The Ghanaian Cedi is experiencing a significant resurgence after months of instability, demonstrating one of its most impressive performances in recent memory. This recovery signals a potential turning point for the Ghanaian economy.
Cedi's Appreciation Against Major Currencies
Over the past few weeks, the Cedi has appreciated considerably against major trading currencies, indicating renewed market confidence, improved macroeconomic management, and effective policy interventions by the Bank of Ghana (BoG).

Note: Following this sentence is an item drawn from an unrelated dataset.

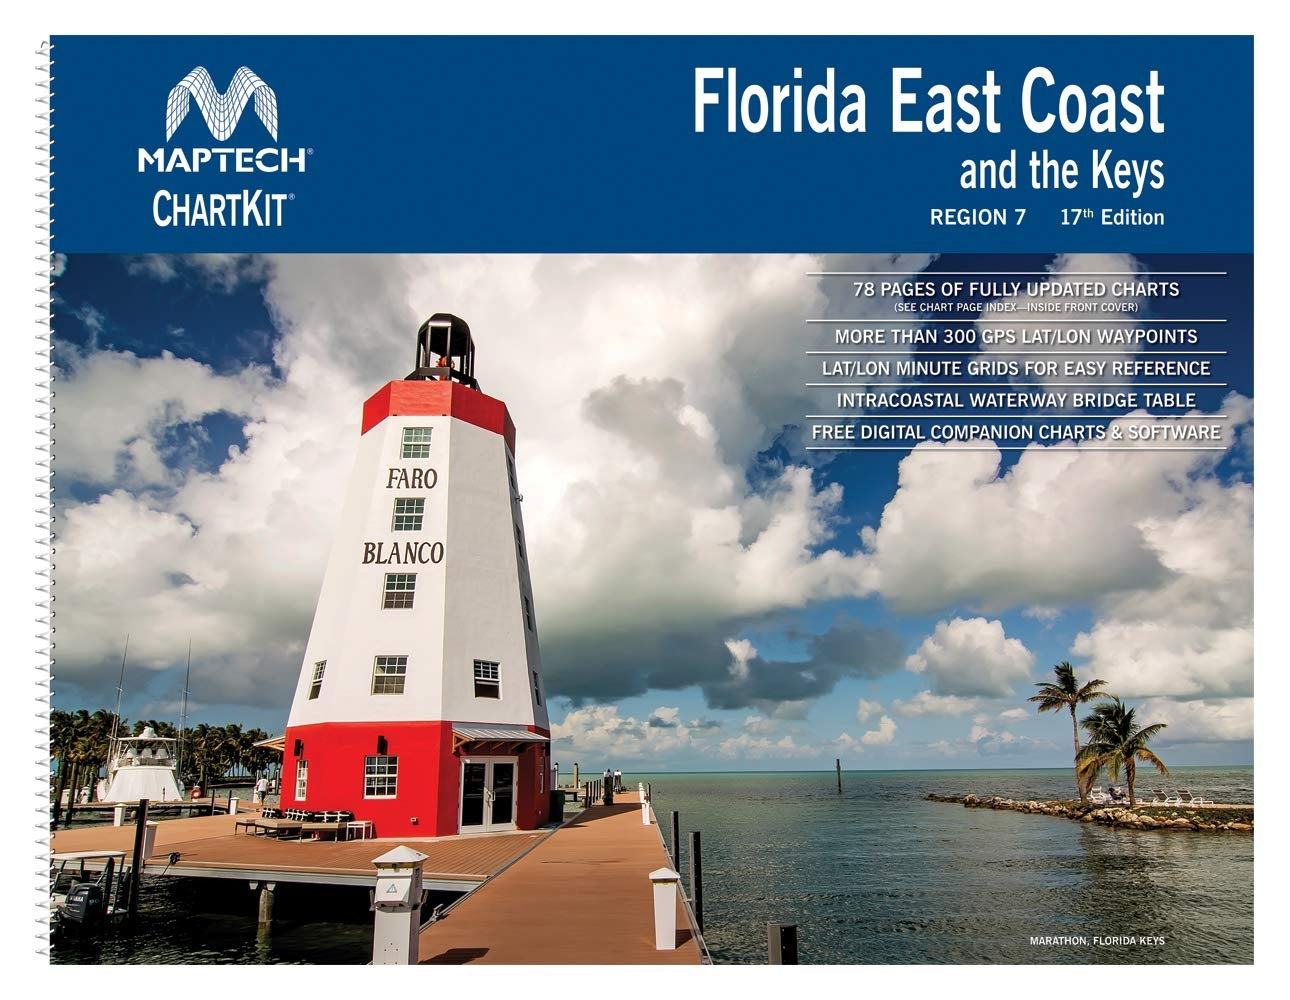 Florida East Coast and the Keys Region 7 17th Edition Richardson's Maptech Chartkit

Specifically, between mid-October and late October 2025, the Cedi appreciated to GH¢10.85 per US Dollar (+9.68%), GH¢14.42 per Pound (+10.00%), and GH¢12.61 per Euro (+9.16%) on the interbank market. This positive trend was also reflected in the retail market.
Factors Driving the Recovery
Several factors have contributed to the Cedi's recent strength:
- Bank of Ghana's Interventions: The BoG's open-market operations, strategic foreign exchange sales, and tighter monetary policy have played a crucial role in stabilizing the currency.
- Improved External Conditions: The disbursement of the second tranche of the IMF Extended Credit Facility (ECF) injected liquidity into the market and boosted reserves.
- Export Performance and Cocoa Receipts: Early inflows from cocoa exports have also supported the Cedi.
Ghana's gross international reserves currently stand at approximately US$6.8 billion, covering about 3.1 months of imports.
Optimism and Future Outlook
This turnaround has sparked optimism within financial circles and ignited discussions about Ghana's journey towards economic stability and resilience. However, sustained efforts are needed to consolidate these gains and ensure long-term economic prosperity for Ghana.